Market Capitalization - Also known as “market cap.” It is calculated by multiplying the current price per share of a stock with the number of shares outstanding.

Mutual Fund - An investment company that combines the money from a large group of investors to buy stocks and other investments.

Dividends - A portion of a company's profits that is paid out to shareholders on a quarterly or annual basis. 

These are the most commonly used terms in investment and knowing what they mean will help you understand stock roundups in The Wall Street Journal, Yahoo Finance and Dow Jones. When I first tried to calculate a company’s market cap it took me two hours, simply because I didn’t know what it meant. Now that I know the lingo, I can look at an analyst report and easily follow the progress of a stock. I’m no expert, but I know enough to play the game. 

Photobucket  Photobucket  Photobucket

After brushing up on your fiscal vocabulary, read Lois P. Frankel’s Nice Girls Don’t Get Rich: 75 Avoidable Mistakes Women Make with Money.  I love the advice she offers women about diving into investment and not waiting on “Prince Charming” to take care of their finances. Use the workbooks and self-evaluations in the book to establish and monitor your progress toward financial goals. 

Another great read is Douglas R. Andrew’s Millionaire by Thirty: The Quickest Path to Early Financial Independence. Andrew claims that young professionals can achieve financial independence at an early age by investing. He suggests alternatives to the traditional 401k to make the dream of early retirement a reality.

The Richest Man in Babylon uses parables and layman terms to deliver investment basics and emphasize the importance of growing your money. My dad gave it to me when I was only seven and I often revisit the principals outlined in this book. The common sense advice helps keep me in check when I’m tempted to splurge during a sale at H&M.

Also, get in the habit of scanning Investors Business Daily, The Wall Street Journal and Yahoo Finance for the latest news and market trends.

2. Do Your Research. Before you invest in anything, do your homework. Publicly traded companies want your money, so they make it easy to find pertinent information. Check out their websites to find earnings reports, mergers and acquisitions news and stock quotes. Knowing everything you can about a potential investment is crucial to making a wise decision. Supplement your research with facts from Hoover's Company Profiles. This is an invaluable web resource that offers additional material about company management and executive profiles. 

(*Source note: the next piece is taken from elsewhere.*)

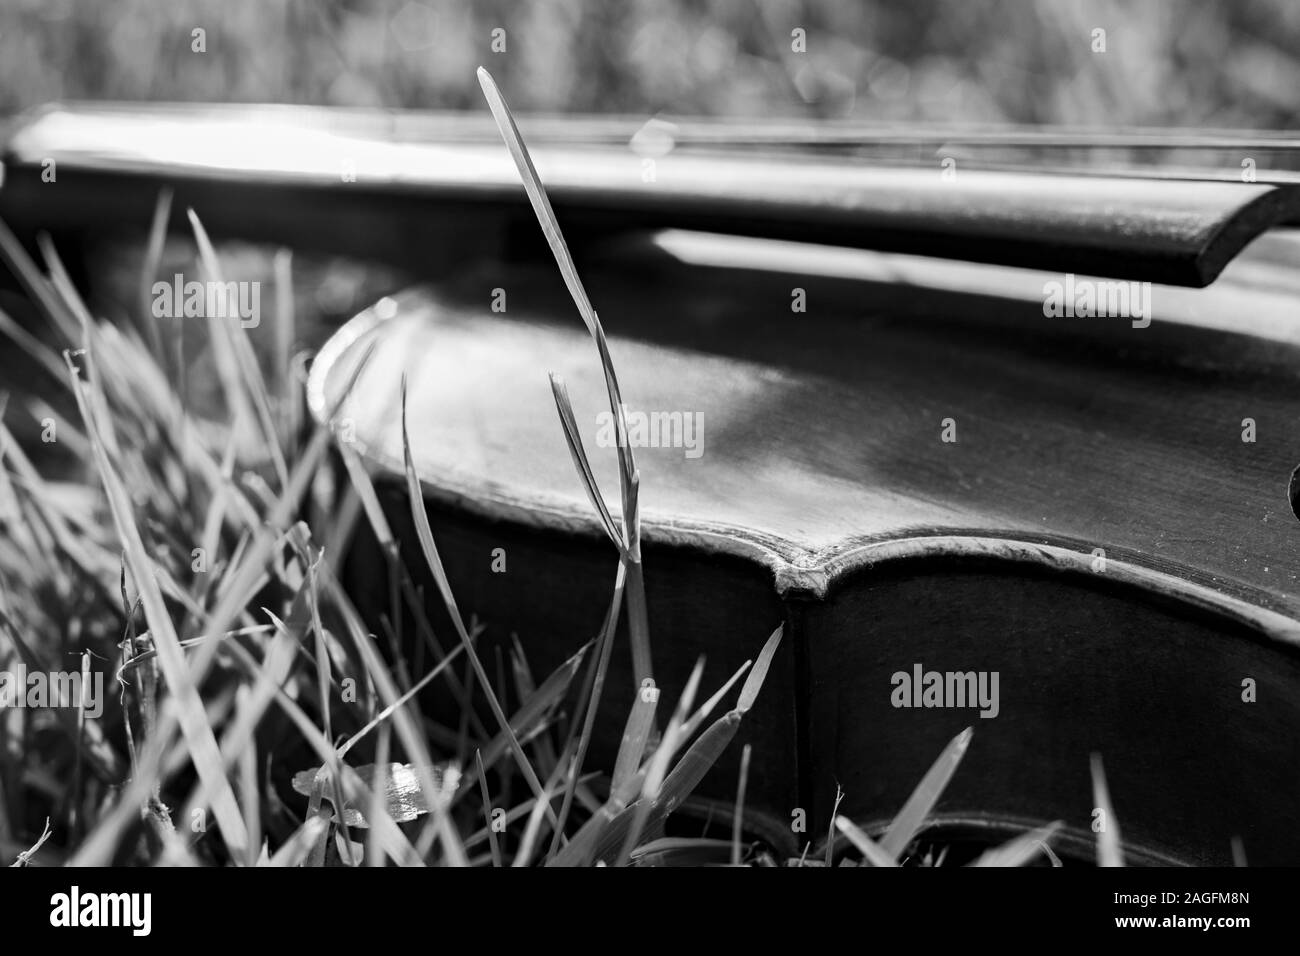 Gros plan en échelle de gris d'un violon posé sur une herbe sèche avec un arrière-plan flou Banque D'Images

3. Stay Connected. Once you have done your research and decided which companies you want to invest in, it is smart to stay in touch with an online financial community. Social media is a great tool for networking with investment pros and getting the inside scoop on smart buys. Try Stocktwit, a social networking platform where you can “share ideas and learn from passionate investors and traders.”

4. Don’t Invest What You Should be Saving. Investments should be a part of your overall financial strategy; however, it is important to establish good saving habits first. Create an emergency fund, open a retirement savings account and pay off outstanding credit card debt before playing the stock market. Pay yourself first and you should have extra money to invest in no time. 

5. Diversify Your Portfolio. Once you have savings and understand your investment options, it is important not to place all your eggs in one basket. Diversification is the practice of spreading money among different investments to reduce risk. A well balanced portfolio of investments is more likely to withstand fluctuations in the volatile financial market. The U.S. Securities and Exchange Commission offers great advice on steps you can take to diversify your investments for maximum returns. 

Investing is key to financial independence. You want the freedom to travel, buy a home or retire early, but savings alone won’t get you there. The average annual percentage gain for a high-yield savings account is one percent. Compare this to the average 10 percent earned on stocks. When you save, your money doesn’t work for you and you will only have as much money as you set aside from your salary. When you invest, your money grows by earning interest. So, determine your financial goals, study up and take your first steps toward a wealthy future.